- _What the task requires_:
The required answer is an exact copy of the lines from the one containing "Mobilis Trendy 12.5-14''" to the end of the listing, both included, without any pictures.

[Supplied information — start]

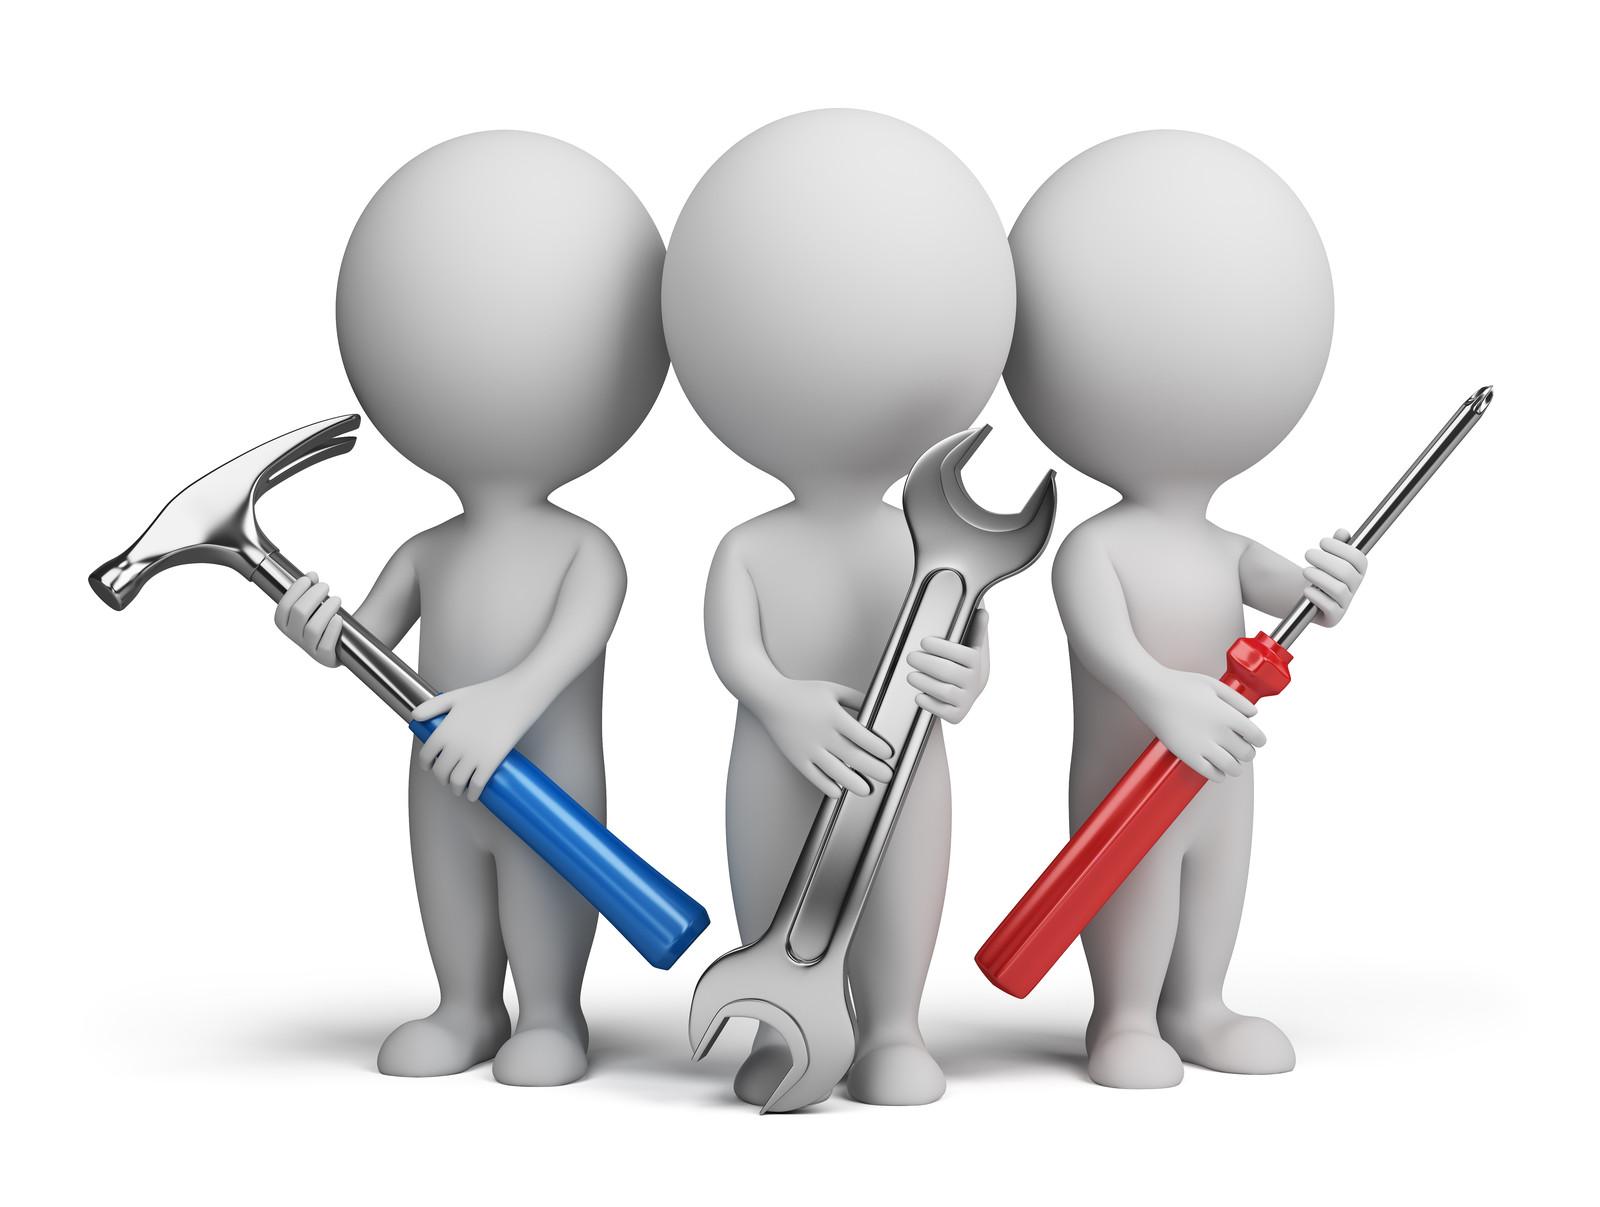 Maintenance clipart #1
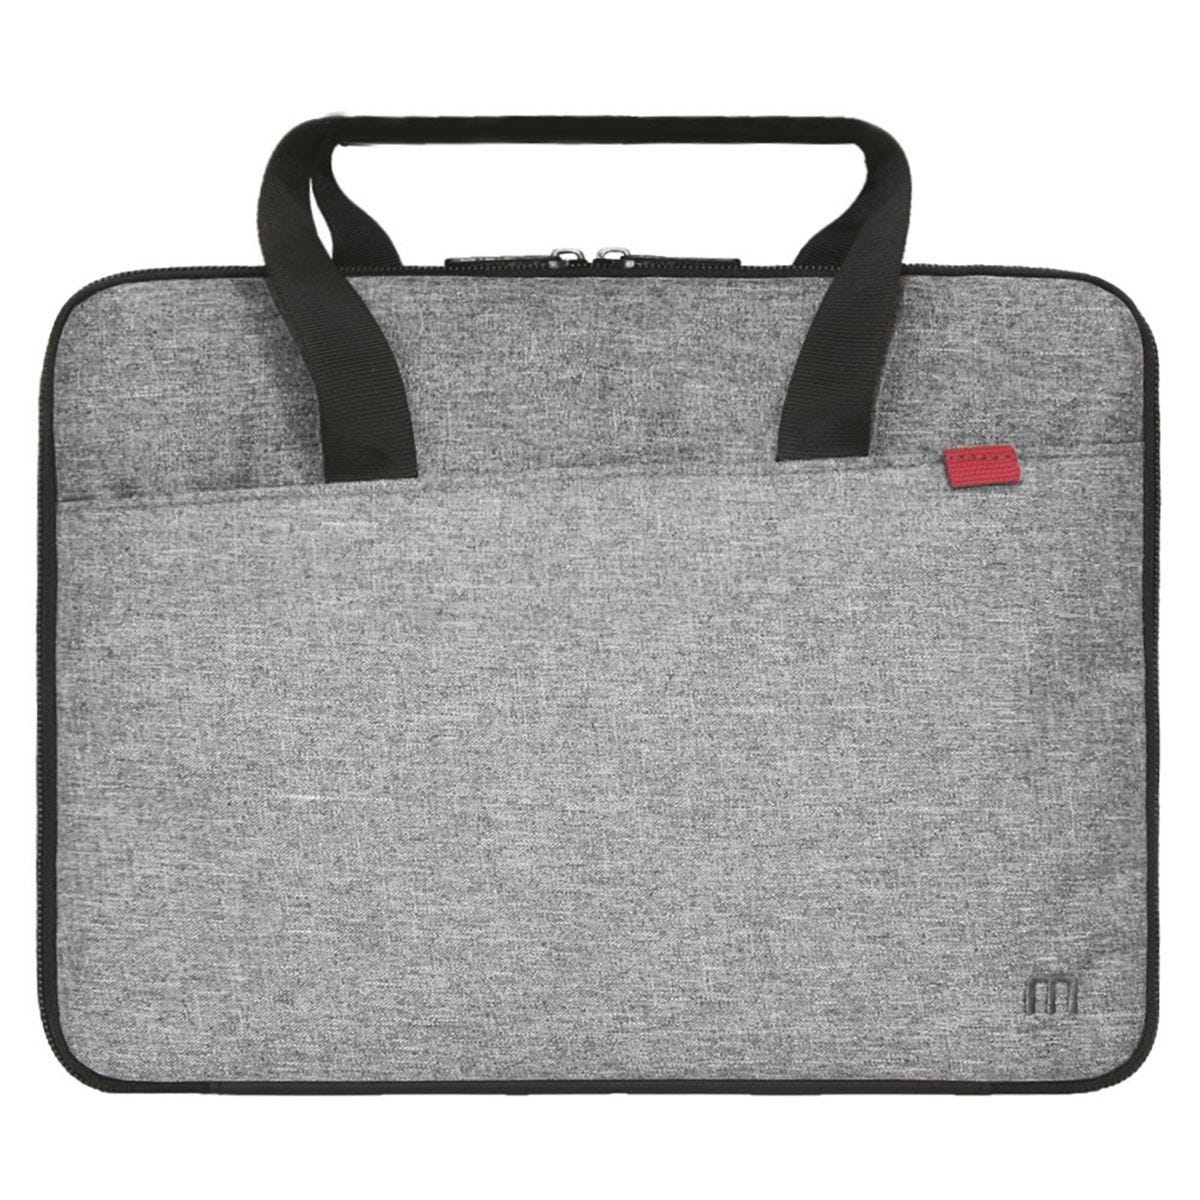 Mobilis Trendy 12.5-14'' Laptop Sleeve - Grey
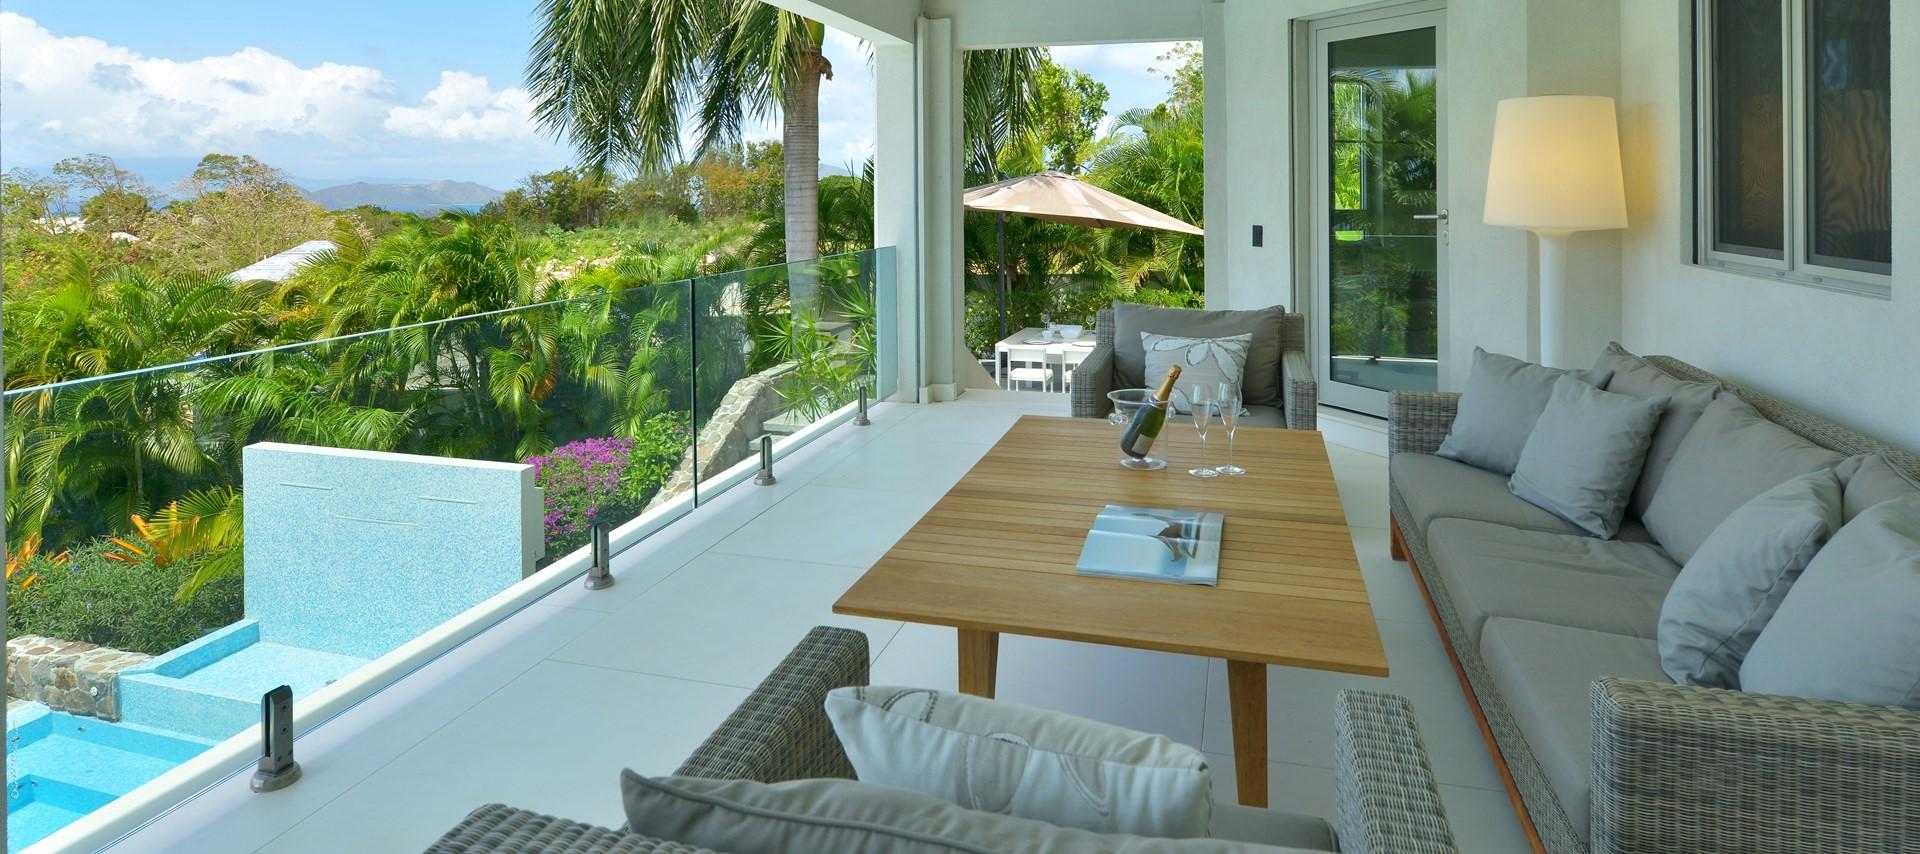 retreat-villa-nevis-outdoor-lounge-terra

[Supplied information — finish]

- _Output of the task_:
 Mobilis Trendy 12.5-14'' Laptop Sleeve - Grey
 retreat-villa-nevis-outdoor-lounge-terra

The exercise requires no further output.